The look that Betty gave Tommy might have made an angel weep—or sing. She folded the paper solemnly and handed it to him. Then silently but with one accord they hastened towards the Pogany dictionary to look up “inveterate.”

Betty lighted a lamp, and together they turned over the pages of the big book. Tommy put a greenish-yellow finger at the margin beside the word.

Long-established? It ain’t a year yet. Deep-rooted? Not on your tin-type!” he declared. “Obstinate? I shouldn’t call it obstinate, should you?”

“I don’t believe Rose could turn her eyes if it were obstinate,” Betty opined.

“Nor they wouldn’t look as they do,” he added eagerly. “Obstinate is the very thing they ain’t. That’s sure enough.”

And Tommy began to dance wildly about the room. Impelled to join him, Betty remembered her aunt and held up a warning hand.

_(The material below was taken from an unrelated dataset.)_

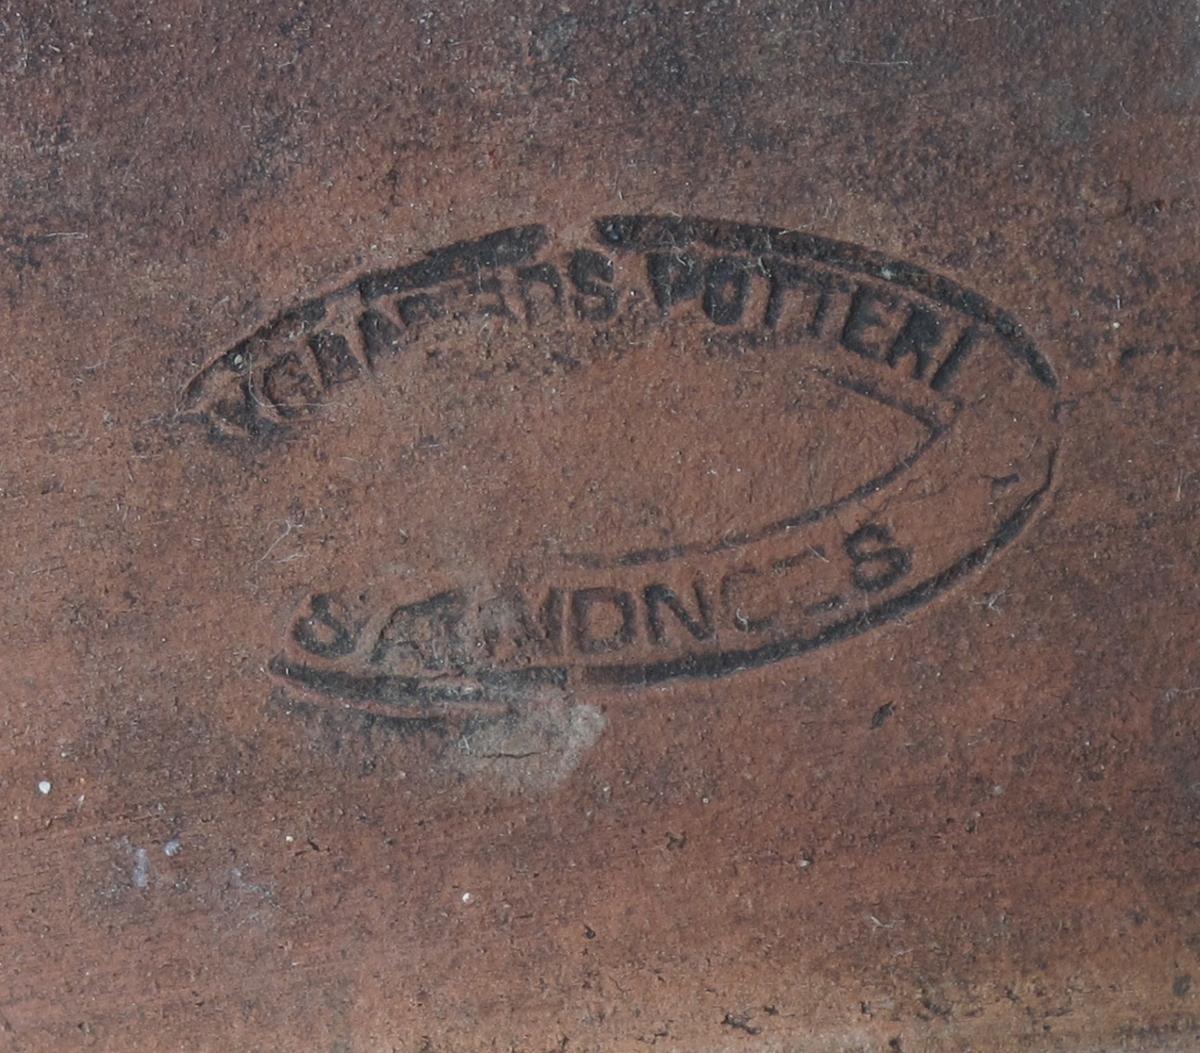 Brennevinskrukke,  Leirtøy, rødbrunt gods, brun blyglassur  med gule ringer. Høy tykkmavet krukke med  2 + 2 + 1 gul ring i øvre halvdel. Smal munning med tykk brem. Stempel: Nygaards Potteri, Sandnes. Stemplet nede ved bunnen, noe utydelig.
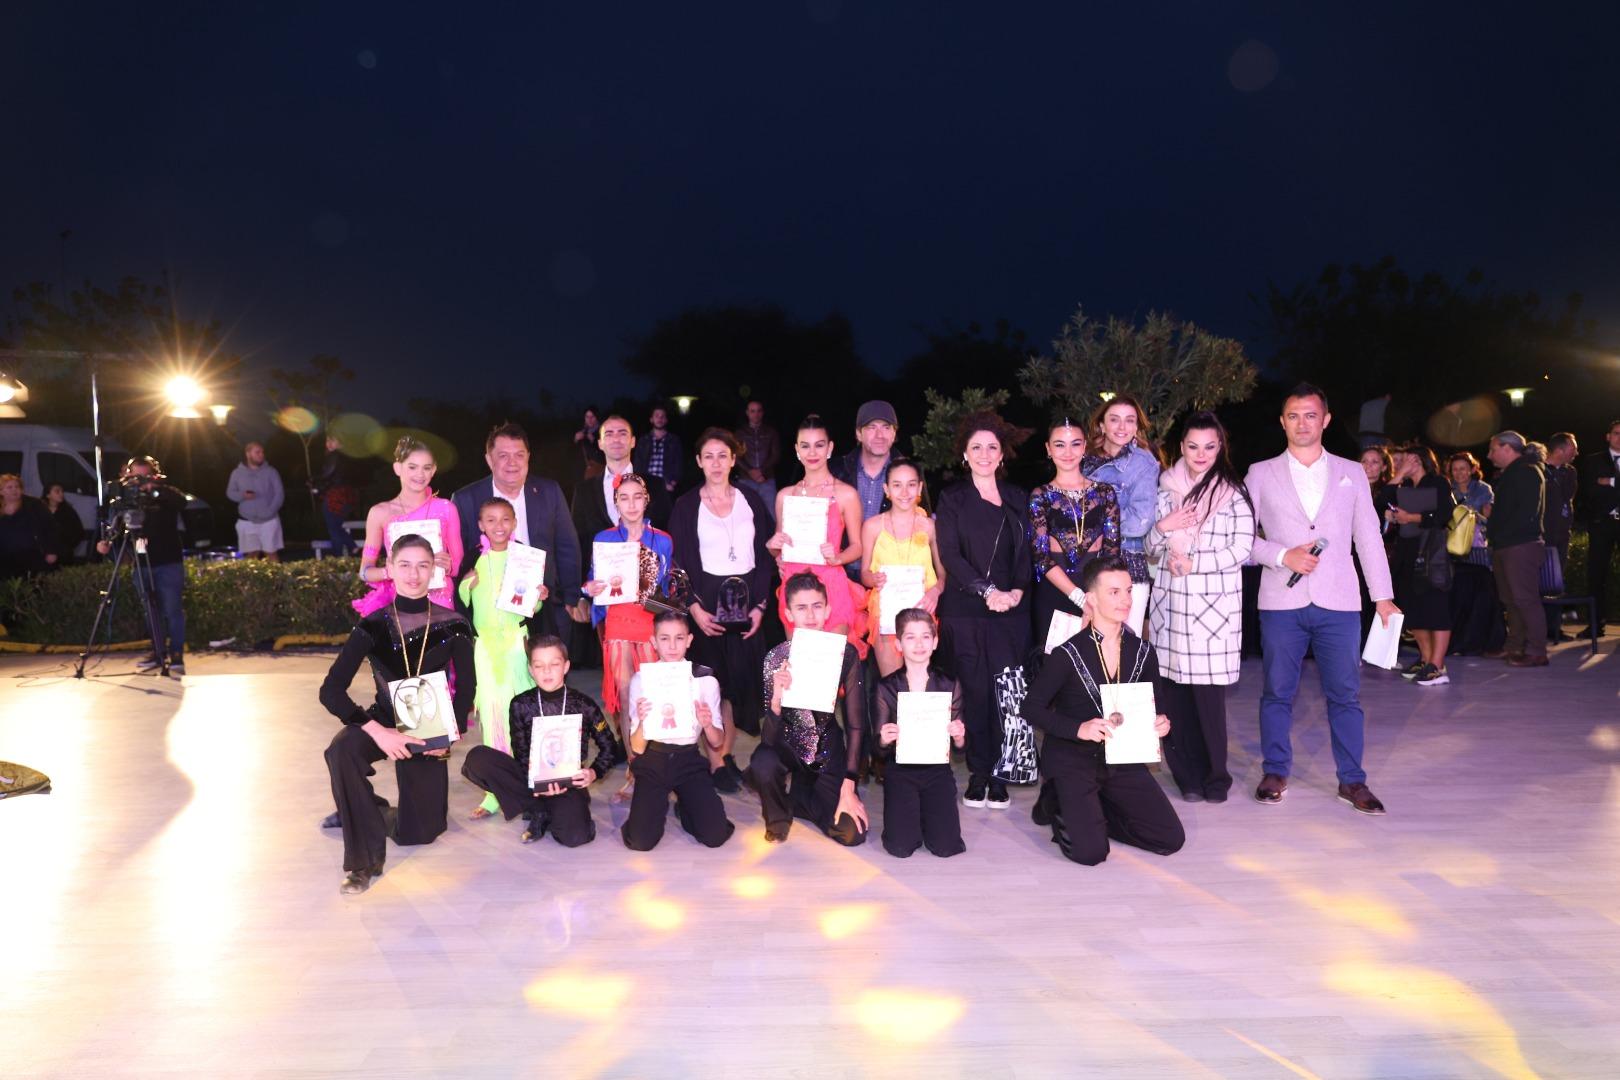 Latin Dansları Kupası'nda görsel şölen yaşandı

“Aunt Sarah will be down here in five minutes, Tommy,” she whispered, “so we can’t waste any time, though I was never so excited in my life. Let’s sit right here on the sofa and make our plans quick. When will we take Rose over to Millville? To-morrow?”

“Sure. That’s the last day Dr. Vandegrift’s there,” he said.

“O, Tommy!” cried Betty with tears in her shining eyes. “It’s all too beautiful. It seems more than I can bear. Just listen—everything is right. Aunt Sarah is going over to Greenmeadow to-morrow to spend the day. All I shall have to do will be to get father’s dinner. Then I’ll just ask him if I may spend the afternoon with Rose, and we’ll take her over.”

Tommy sprang suddenly from the sofa as if he had sat on a pin. And his expression was in accord.